I've thought that if it is unacceptable for devices inside your
network to have global addresses, then your security requirements are
probably so stringent that NPTv6 devices, packet filters and stateful
firewalls would be too simple to achieve and implement them.
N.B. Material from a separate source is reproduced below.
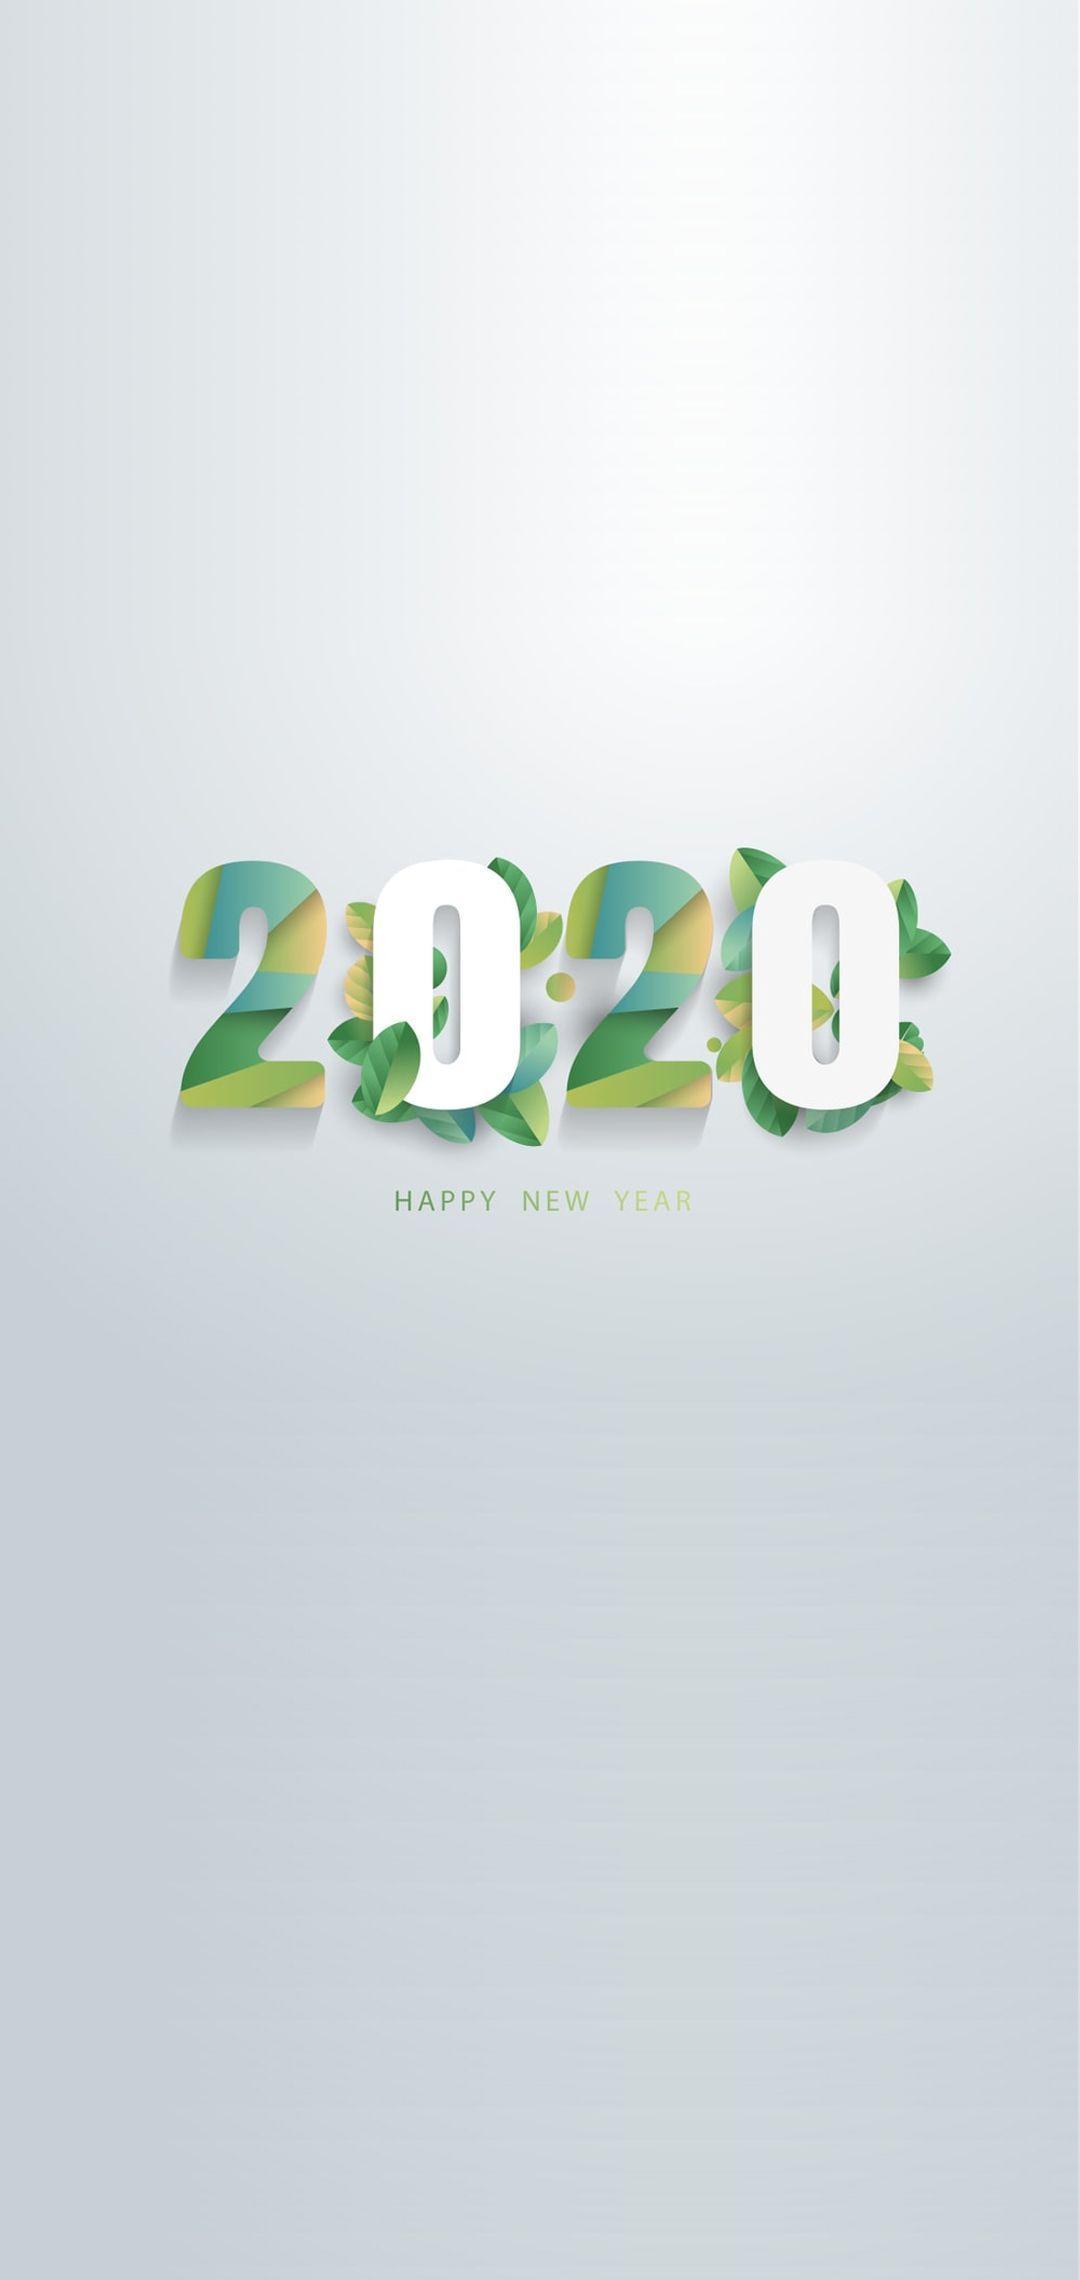 1080x2280 Happy New Year 2020 Hình nền điện thoại 14 - [1080x2280]

Instead,
you'd use application layer proxies for specific applications you
permit, that act on behalf of and completely or near completely hide
the identity of the devices inside your network, and prevent any
possible reachability to those devices, inherent in ULA addressing,
unless the application layer proxy itself is compromised.

If using per-application application layer proxies is considered too
onerous or costly, then I think the security measures you'd have in
place (e.g., host firewalls, network perimeter firewalls/packet
filters) would mean there is less risk to deploying global addresses
internally compared to the benefits of having them.